American actress & actress

Izabela Rose is an American actress and singer. She is best known for playing Young Jess in the time-travel mystery thriller drama series Secrets of Sulphur Springs and the lead role of Nory in the fantasy film Upside-Down Magic.

==Early life==
Rose was born in Flowery Branch, Georgia to parents of African-American, Salvadoran and Italian descent. She began modeling and competing in pageants all over the Southeast at an early age. In 2016 she booked her first commercial for Freeform then known as ABC Family. Soon after, she relocated to Los Angeles to pursue her passions of acting and singing.

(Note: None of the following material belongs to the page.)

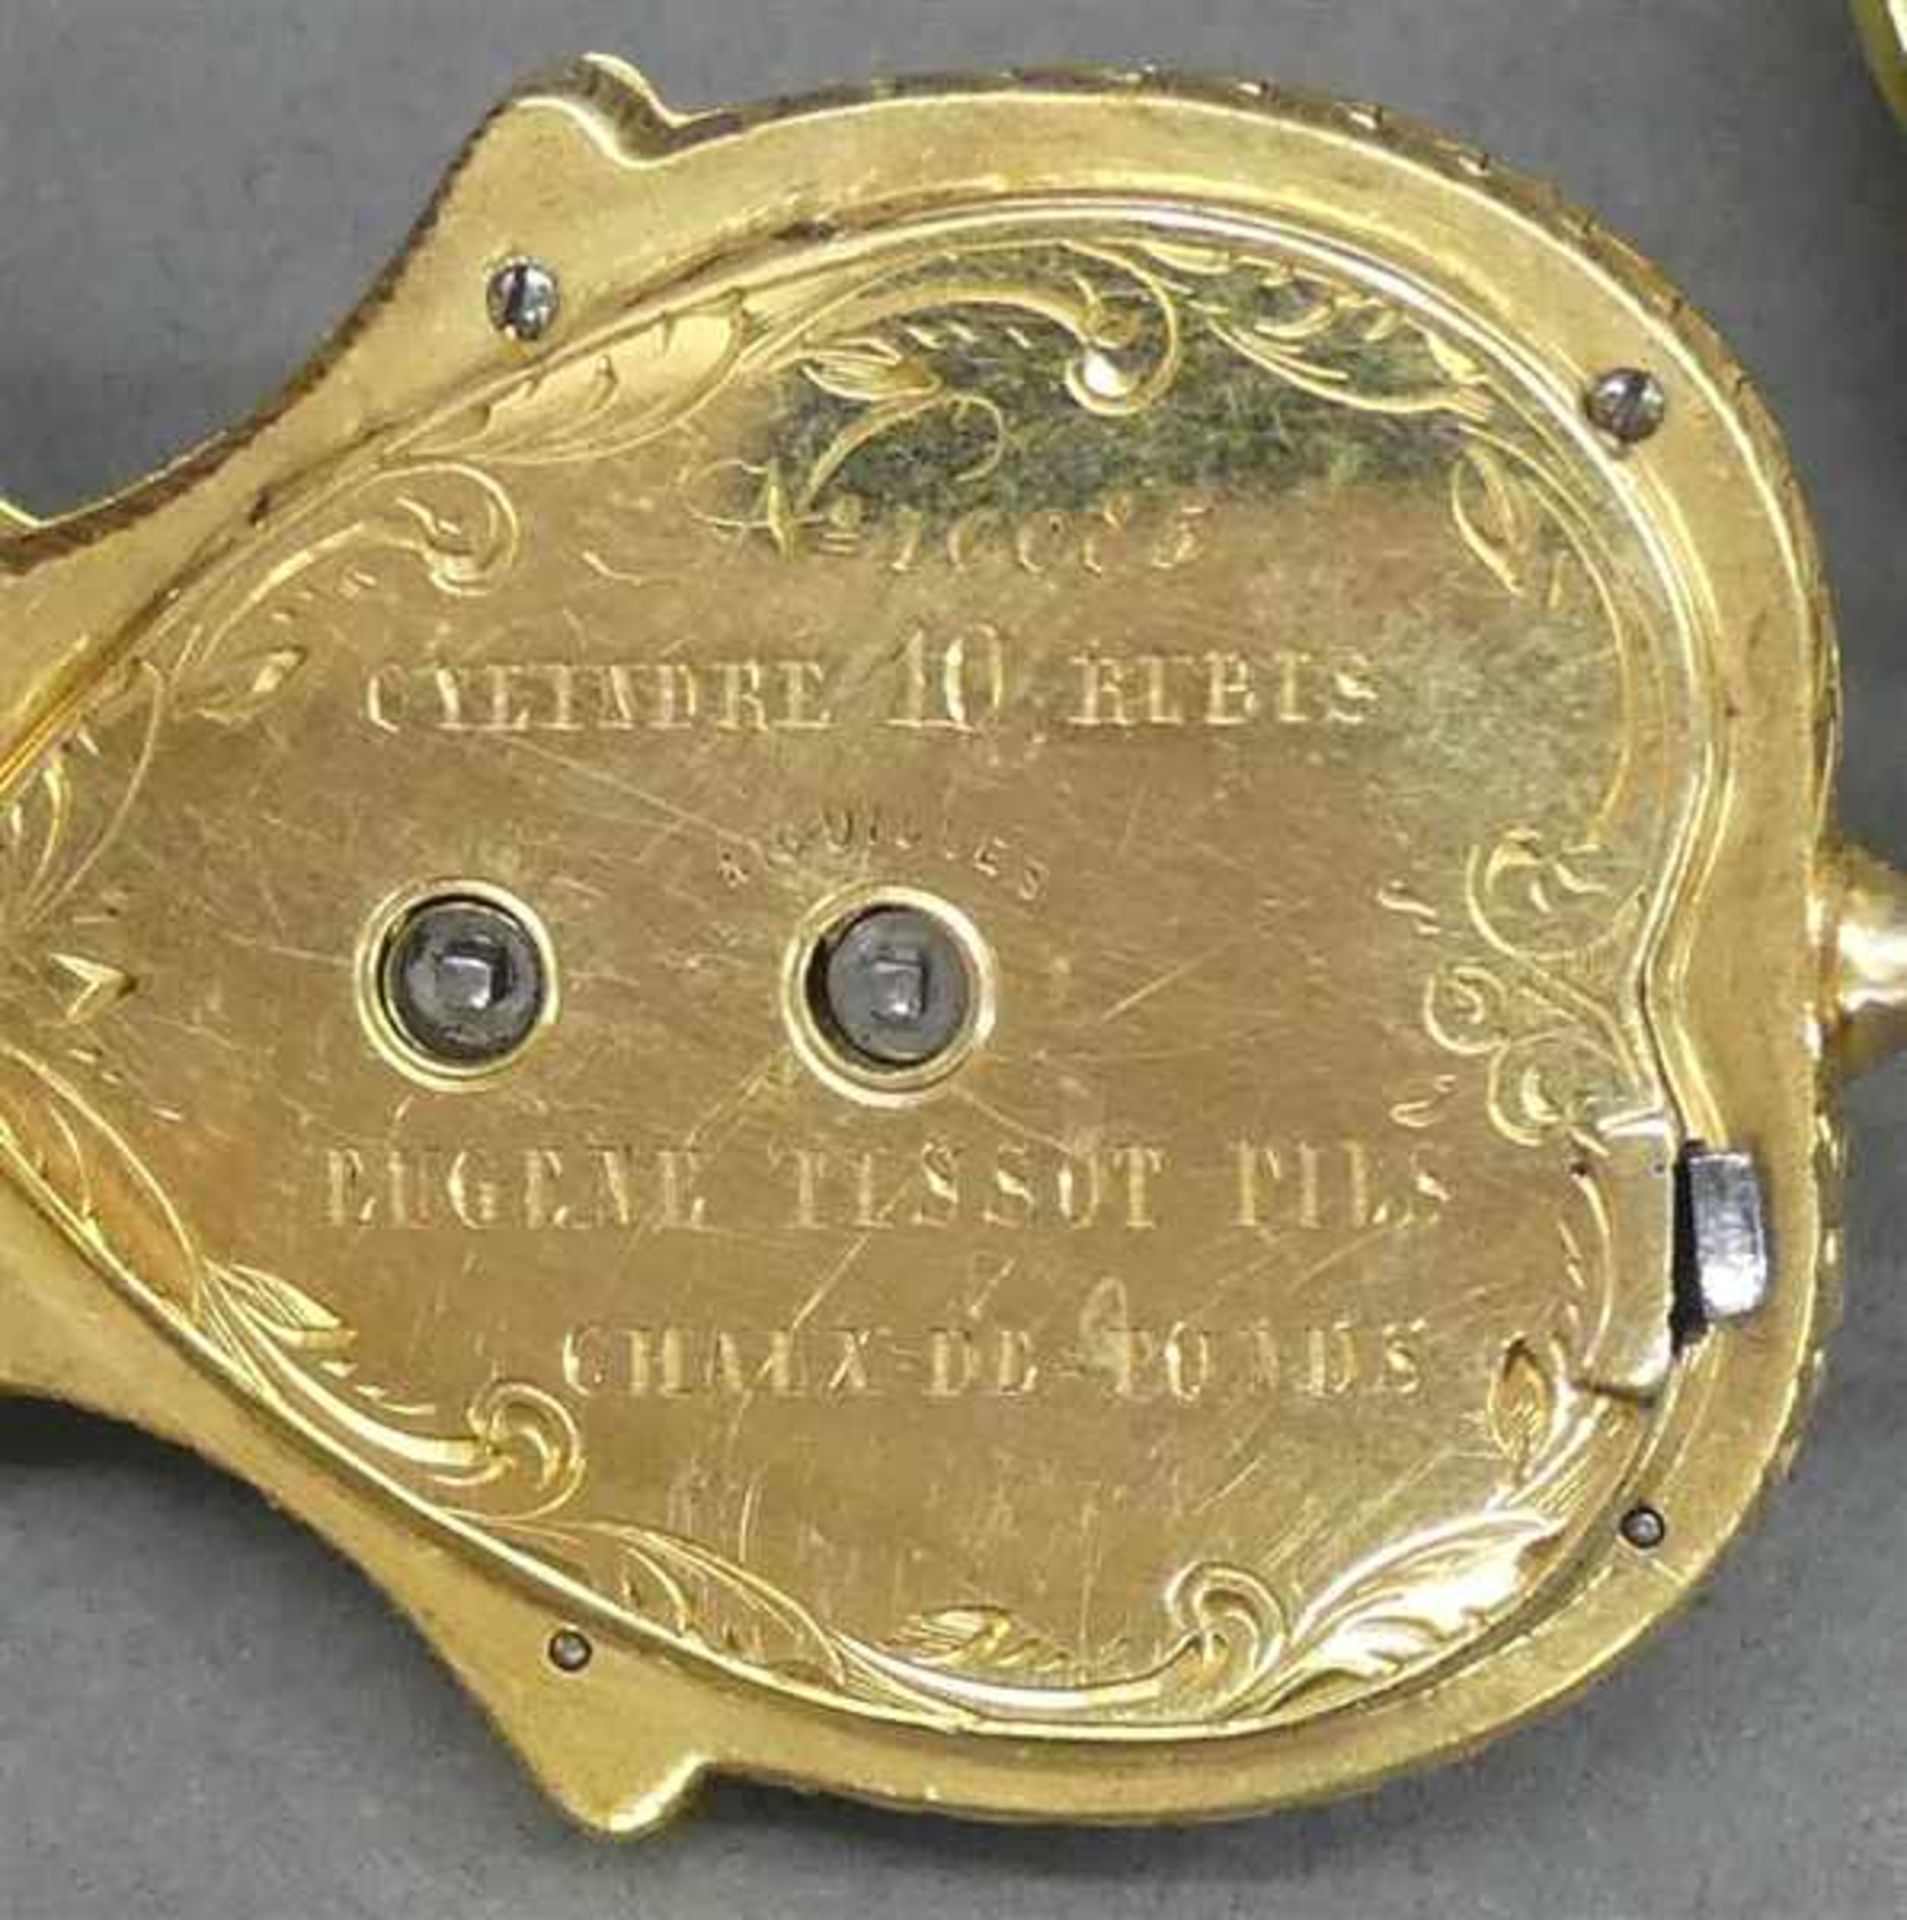 Damenhängeuhr18 kt. Gelbgold, "Eugene Tissot Fils", Chaux de Fonds, in Form eines Blumenkörbchens, - Bild 6 aus 6
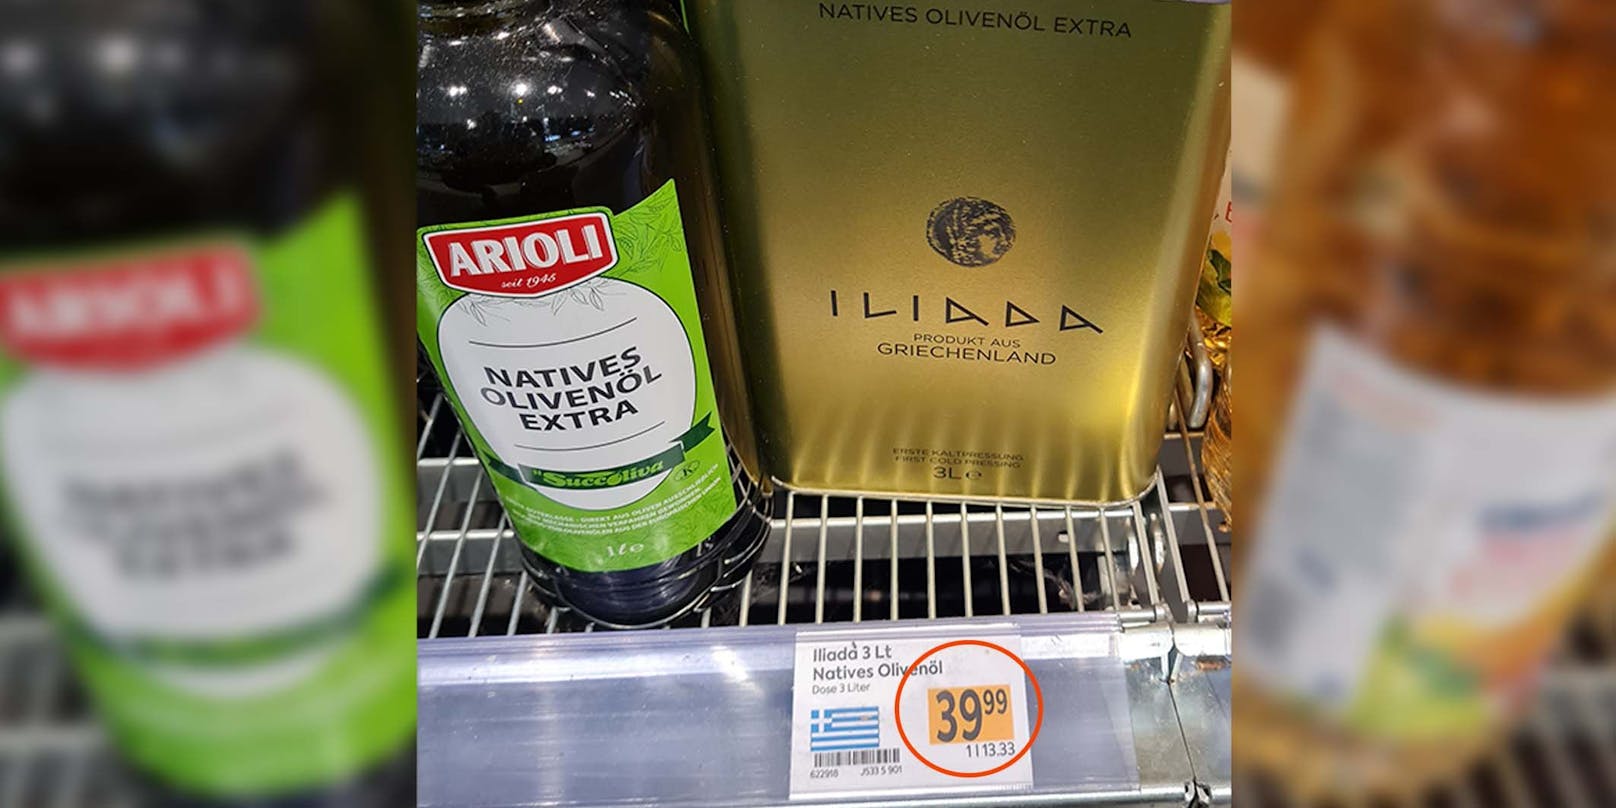 Preis für "Luxus-Olivenöl" stößt bei Wiener übel auf

It took three years before she landed her first contract with Disney Channel.

==Career==
Her breakthrough came when she was cast by Steven Spielberg in the American anthology series [[Amazing Stories (2020 TV series)
|Amazon Stories]]. She got the role after the writer came up to her while she was auditioning in Atlanta and told her she was doing a great job. Her first big role came playing the younger version of Jess portrayed by Diandra Lyle in the time-travel mystery thriller drama series Secrets of Sulphur Springs. She starred alongside Siena Agudong, portraying Nory in the Disney film Upside-Down Magic based on the book series of the same name. She played the lead role of Quinn in the mystery adventure film The Curious Case of Dolphin Bay.

==Personal life==
Outside of acting she likes to play video games, guitar, and learning to speak Spanish, the language of her father and grandmother. She also spends her time volunteering with the Atlanta Mission and other charities dedicated to helping the homeless, a cause she is very passionate about.

==Filmography==
===Film===

| Year | Title | Role | Notes |
|---|---|---|---|
| 2017 | His Story | Young girl in class | Short |
| 2017 | Young Adult | Extra | Short |
| 2020 | Siena Agudong, Izabela Rose: A Place for Us | Singer | Short |
| 2020 | Upside-Down Magic | Nory |  |
| 2022 | The Curious Case of Dolphin Bay | Quinn |  |

===Television===

| Year | Title | Role | Notes |
|---|---|---|---|
| 2021 | Secrets of Sulphur Springs | Young Jess | 9 episodes |

==Discography==
===Singles===
- A Place for Us (2020) with Siena Agudong
- Almost There (2021) with Dara Reneé and Ruth Righi
- Sunkissed (2024)
- Be Careful, Love (2025)
- Honey Honey Baby (2025)
- Tipsy Truth (2025)
- It Is What It Is (2026)
- Pieces of Me (2026)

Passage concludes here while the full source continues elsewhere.